Cosa fare subito dopo il furto: blocco SIM, denuncia e protezione dei dati

Dopo il furto di uno smartphone, la prima cosa da fare è provare a localizzarlo con i servizi ufficiali: Apple “Dov’è” per iPhone, Google Trova il mio dispositivo per Android. Se il telefono risulta offline, però, meglio non perdere ore davanti allo schermo. Bisogna muoversi su più fronti, perché spesso i dati personali valgono più del telefono. Il passaggio successivo è chiamare subito il proprio operatore telefonico e bloccare la SIM, soprattutto se il cellulare era sbloccato o se non si è sicuri della protezione con codice.
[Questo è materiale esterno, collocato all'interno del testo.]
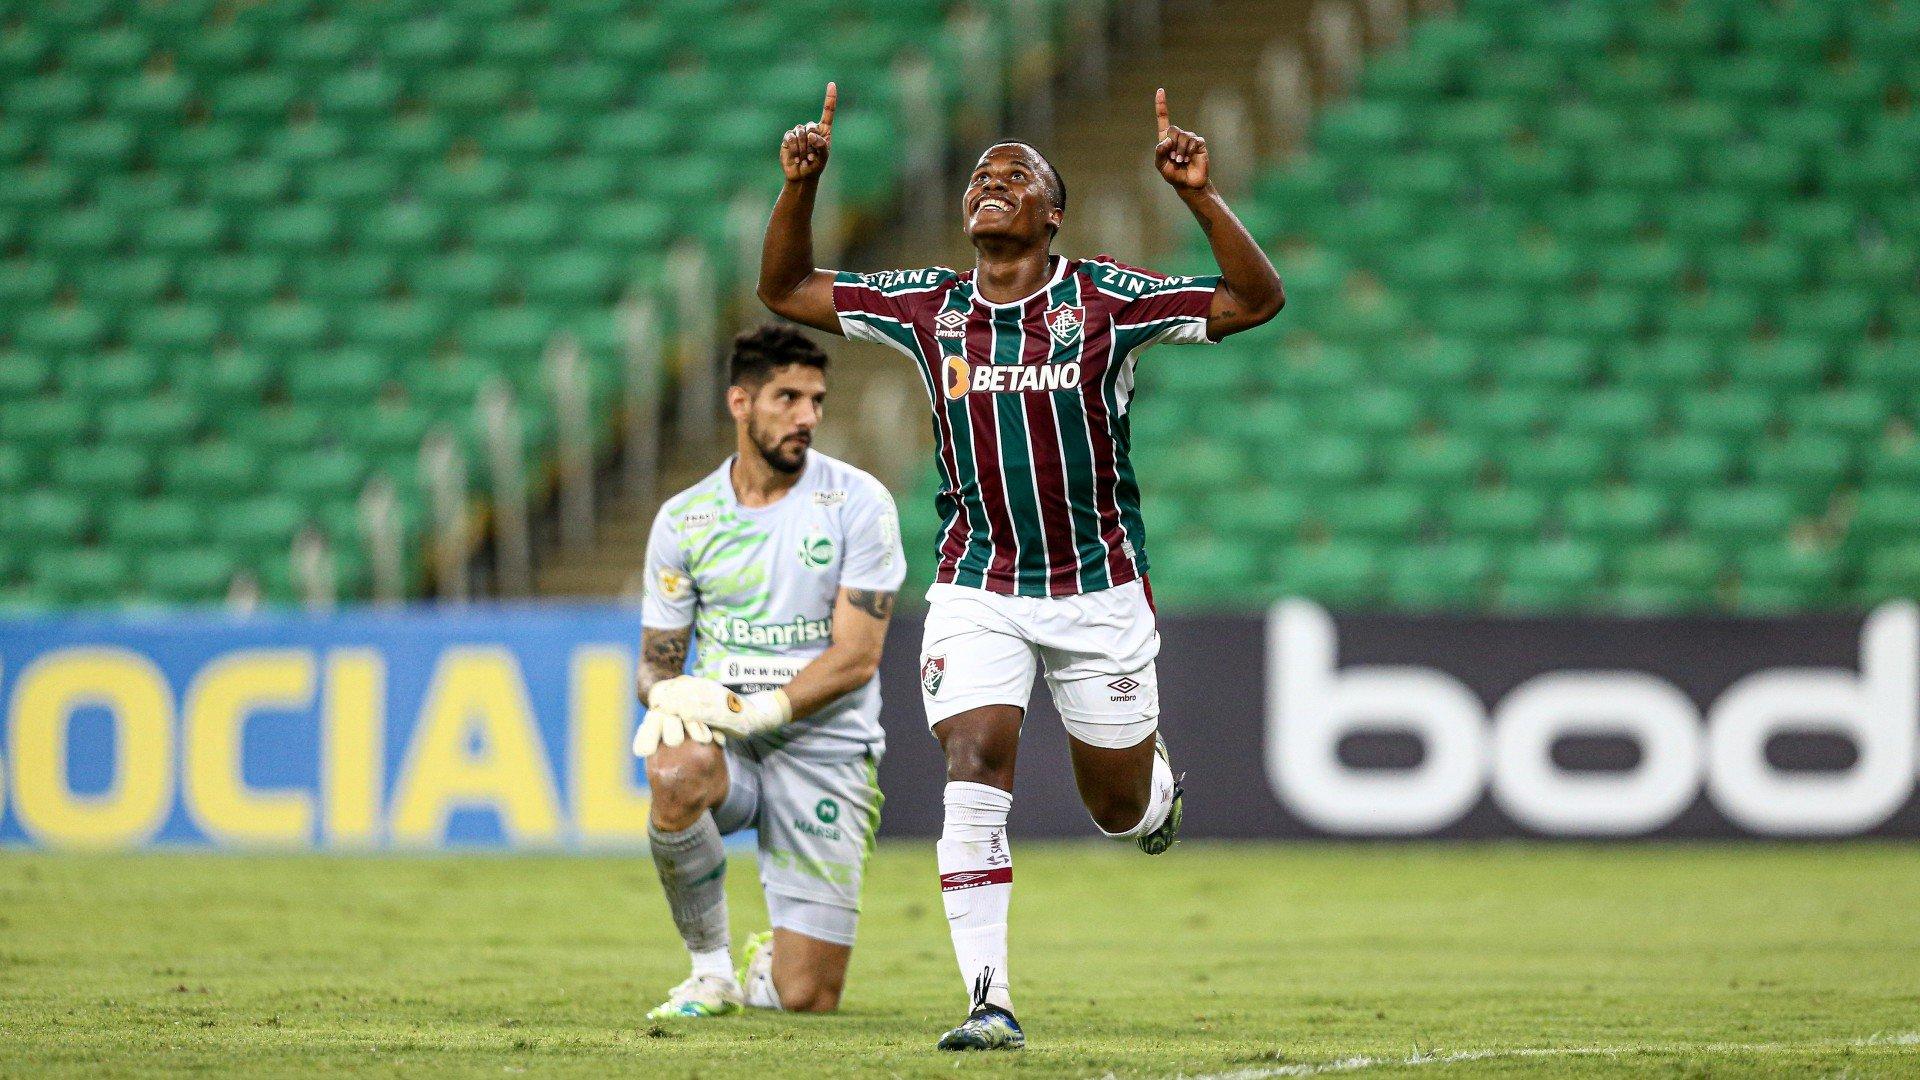 Arias vibra com primeiro gol pelo Fluminense: 'Contente e motivado'
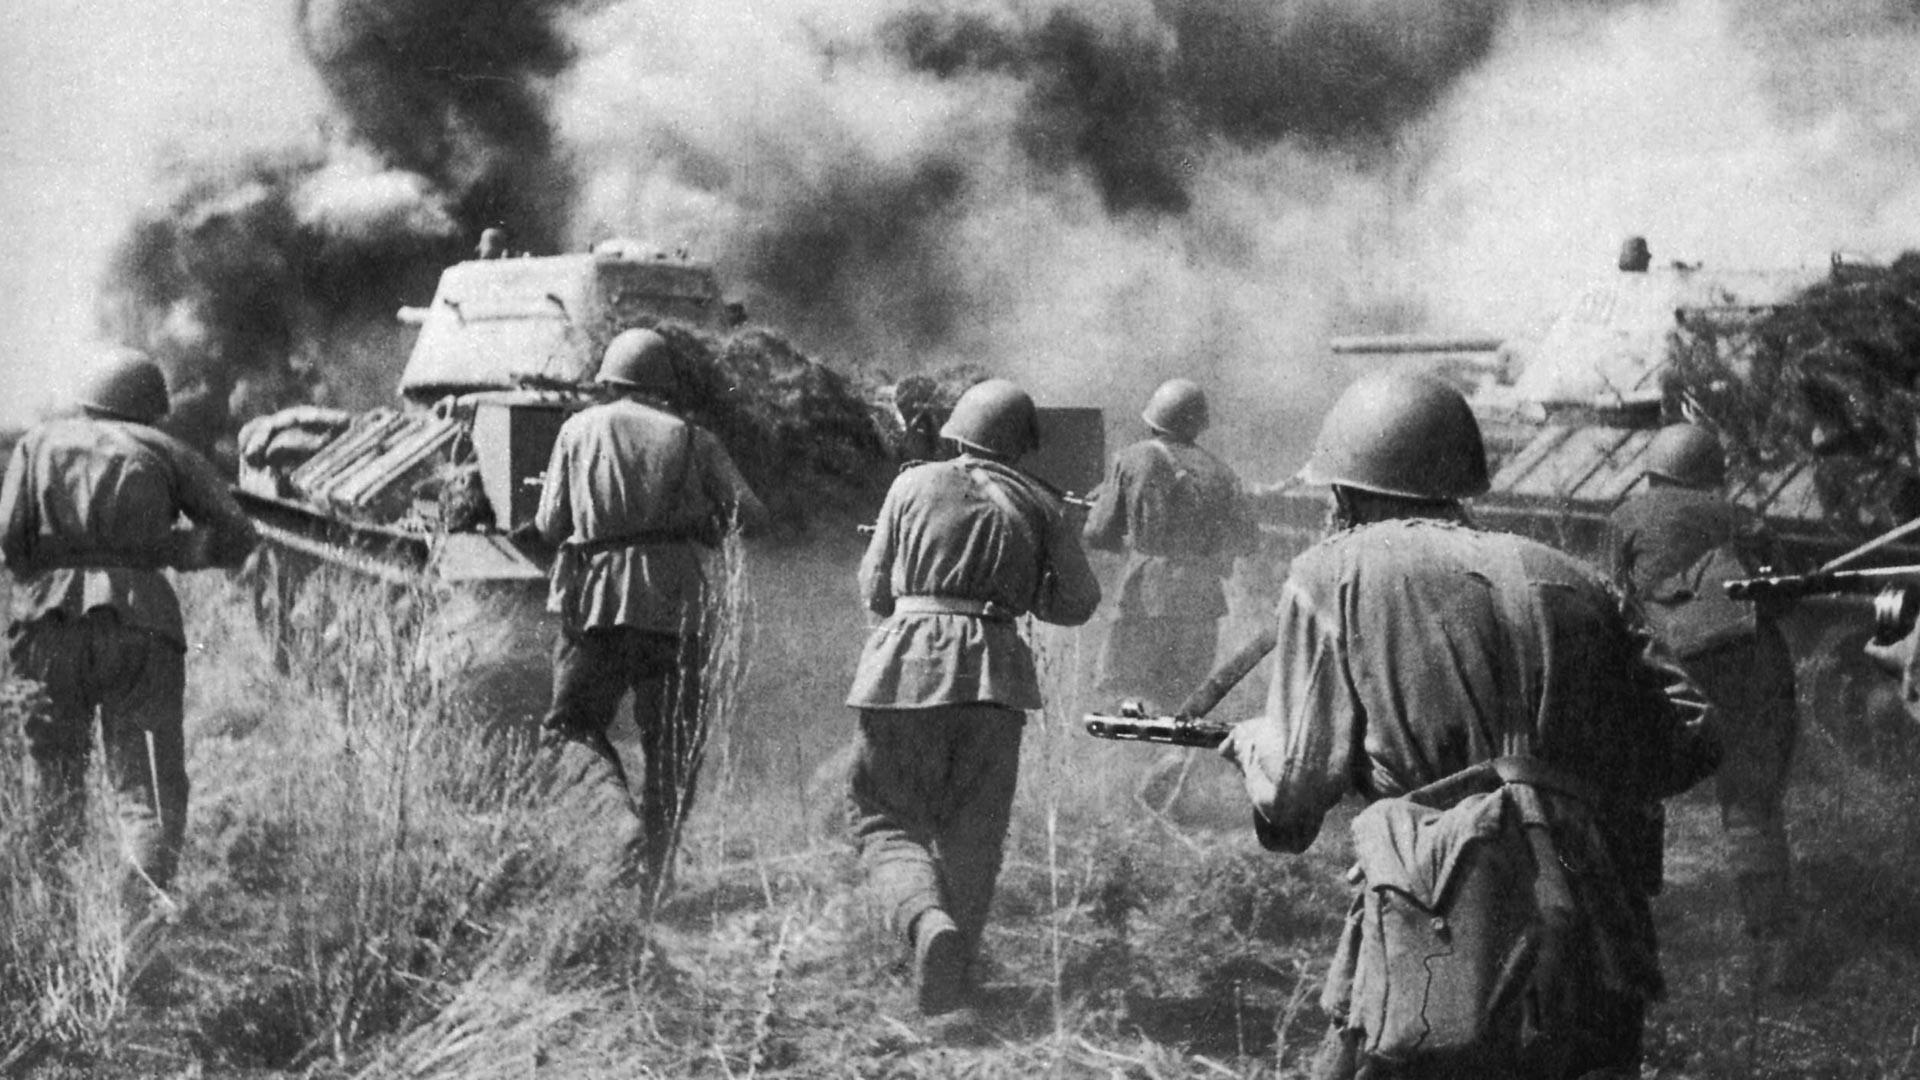 Attacke der sowjetischen Truppen bei Prochorowka während der Schlacht um Kursk im Juli 1943.

Così si evitano chiamate a pagamento, usi indebiti all’estero o tentativi di recuperare account tramite SMS. Serve poi una denuncia alla polizia o ai carabinieri, indicando modello, numero di telefono e, se disponibile, codice IMEI, l’identificativo unico del dispositivo. La denuncia è necessaria anche per eventuali pratiche assicurative. “Non sempre il telefono torna indietro, ma la segnalazione aiuta”, spiegano spesso gli operatori agli sportelli.

Per prevenire guai peggiori, conviene attivare blocco con PIN, impronta o riconoscimento facciale, disattivare le anteprime dei messaggi nella schermata di blocco e impostare l’autenticazione a due fattori con un metodo diverso dagli SMS. Su Android, Google ha introdotto anche funzioni di blocco automatico antifurto, pensate per riconoscere movimenti bruschi come uno strappo o una fuga improvvisa.

La regola resta semplice: tenere il telefono lontano dagli occhi nei luoghi affollati, non lasciarlo sul tavolo e preparare prima gli strumenti di recupero. Perché quando entra in gioco la carta stagnola, la finestra utile per rintracciare uno smartphone rubato può diventare molto più stretta.